The important thing for researchers is not to give up. The research and the publicising of the implications of that research, along with public critiques of evidence abuse or suppression, need to continue. All of this is difficult, but I think there is an ethical imperative to try to do it.
And I hope to be involved in doing just that.
About the author
Harvey Goldstein is professor of social statistics at the University of Bristol Centre for Multilevel Modelling. He was awarded the Royal Statistical Society’s Guy Medal in Silver in 1998. He was elected a member of the International Statistical Institute in 1987, and a fellow of the British Academy in 1996. He was awarded an honorary doctorate by the Open University in 2001.
BOX: Rethinking school accountability
How might we change the system of school assessment and accountability, given the many problems associated with published school league tables? Here is one suggestion.
Instead of every pupil being tested (as is the case now in England at age 11, for example) only a sample within each school is tested. This would make any school comparisons even more uncertain but still, for example, maintain sufficient numbers to study larger groups (say, at a local authority level), as well as providing useful screening evidence for use within a sympathetic inspection system.
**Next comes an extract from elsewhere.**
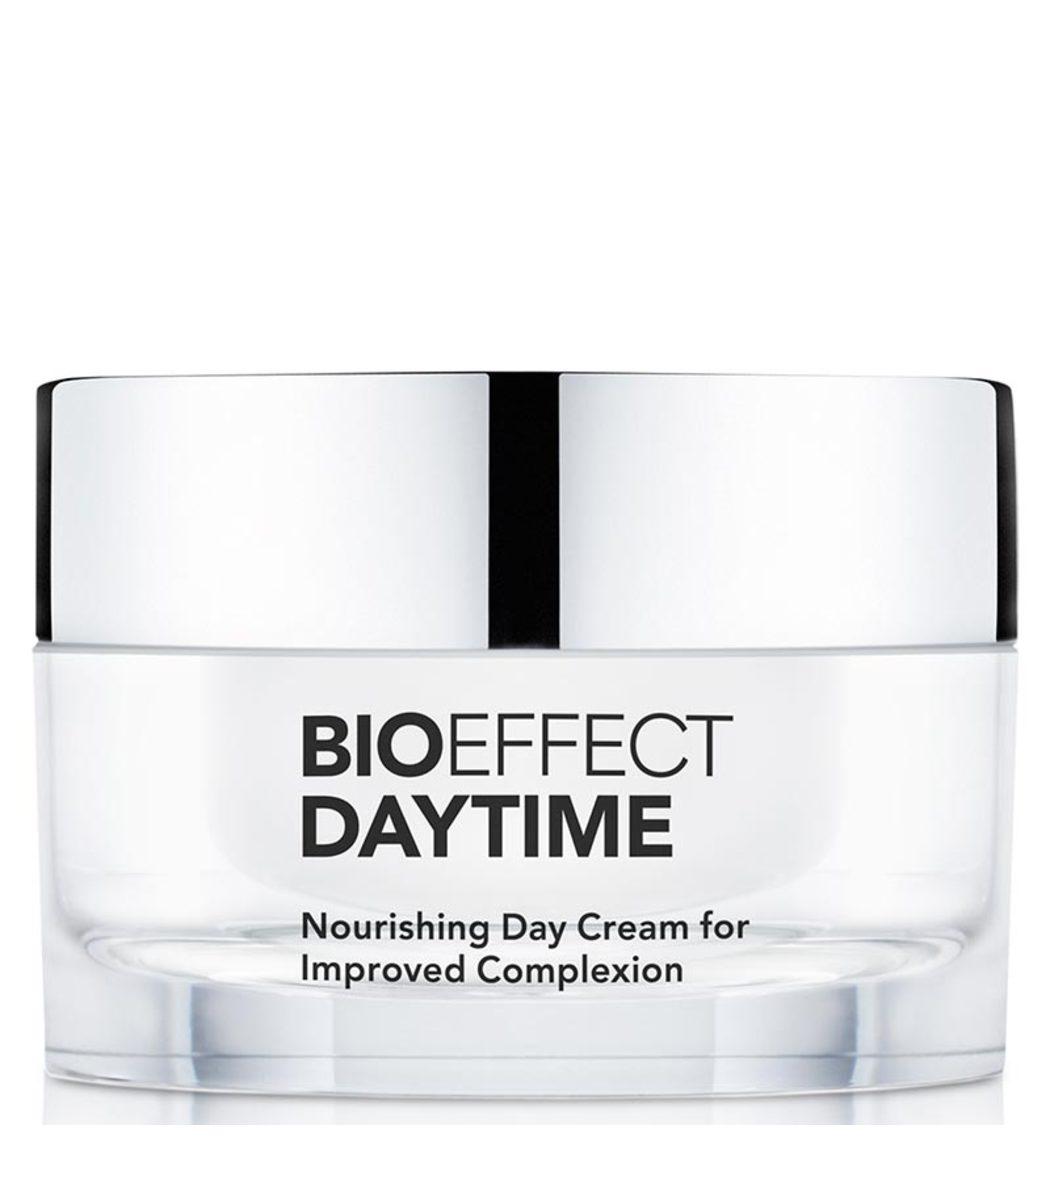 BIOEFFECT Daytime Moisurizing Cream
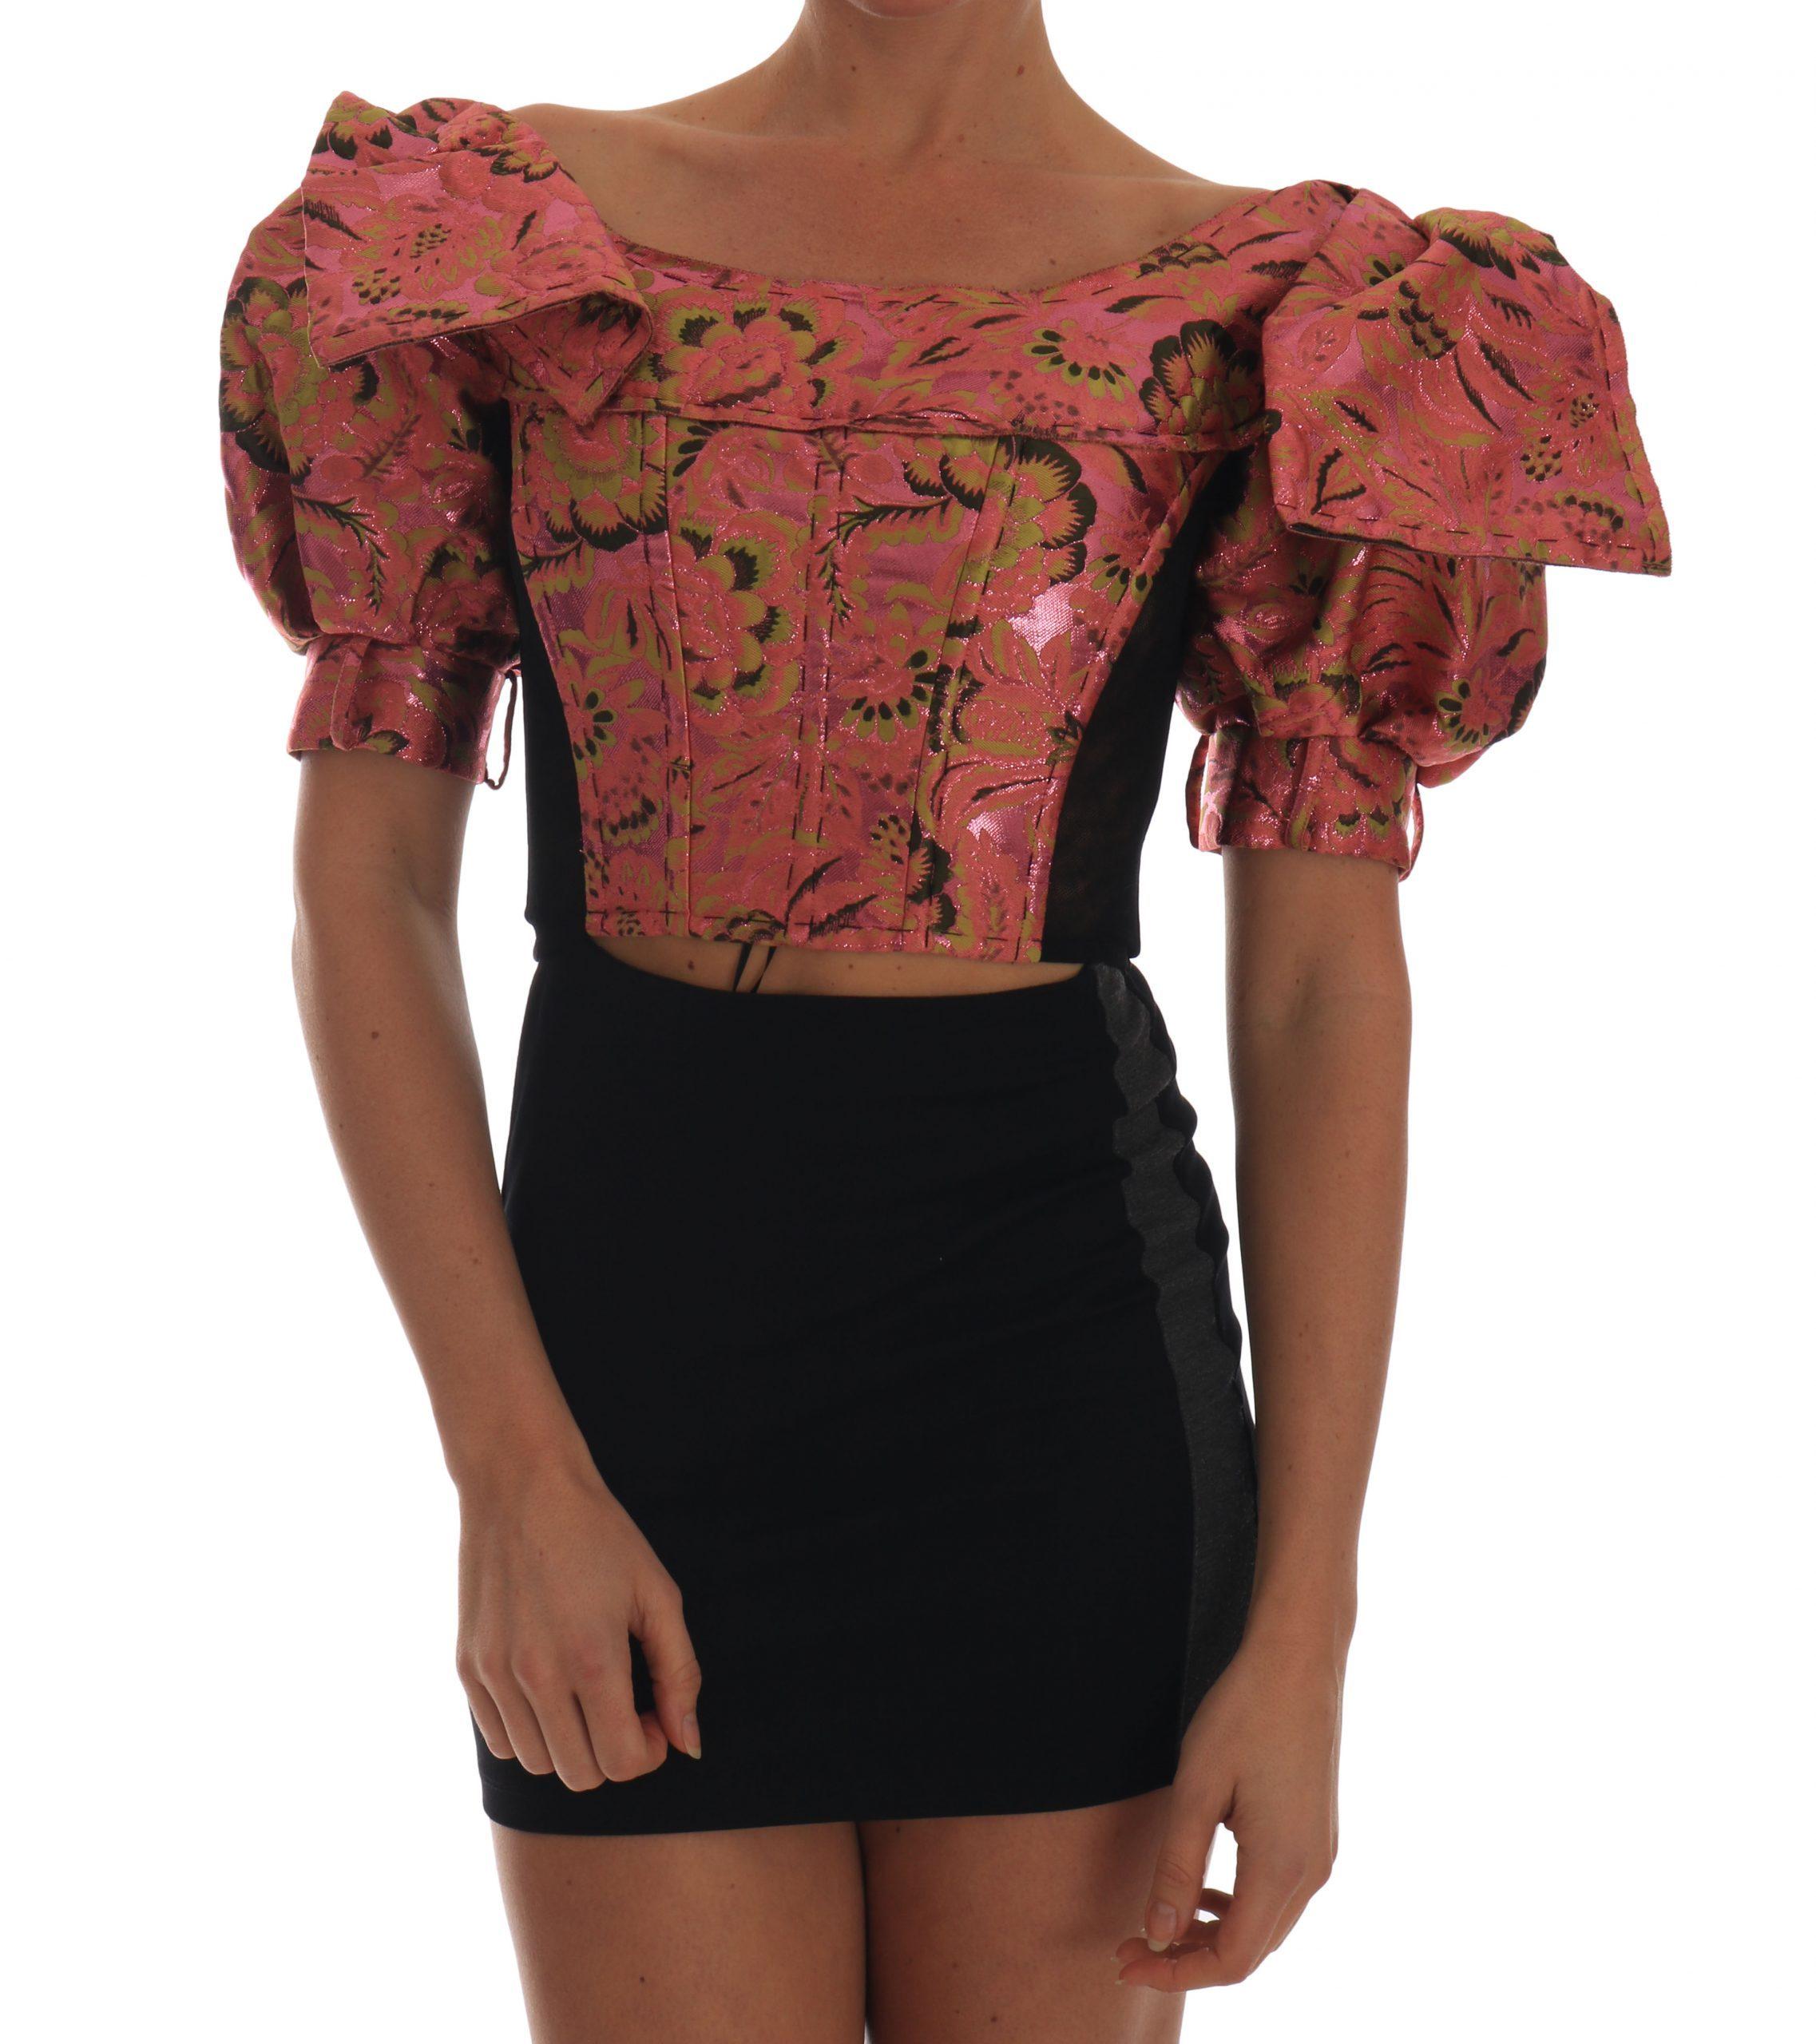 Dolce & Gabbana Women's Puff Sleeve Brocade Top Pink TSH1912 - IT38|XS

The sample data, which can be very rich (with rotated questions) and collected by external agencies, can be used for research that seeks to uncover relationships that can help in the understanding of school processes. This research purpose is important and provides an additional strong justification for moving away from the present system. In addition, by making the tests themselves public, they could be used by all schools, for their own internal purposes, to compare the achievements of pupils against nationally validated norms.
As for accountability, I think that perhaps we have all been too hung up on the length of the uncertainty intervals and whether they overlap for pairs of schools or are significantly different from the overall average. What we really need to do is to decide how many resources are available for following up the results of this initial screening and, on that basis, choose a threshold. For example, the threshold might be set at the lowest 10% of schools, and these schools would then be contacted to determine whether the results of the initial screen are a reflection of any underlying problems.
We can, of course, have a series of thresholds determining the relative quantity of inspection resources to be allocated. In statistical terms, this becomes a problem in decision theory – for which there are known solutions – at least in principle. The same considerations can be applied to rankings based upon local authority rankings, or even those computed for groupings such as chains of schools operated by academy trusts.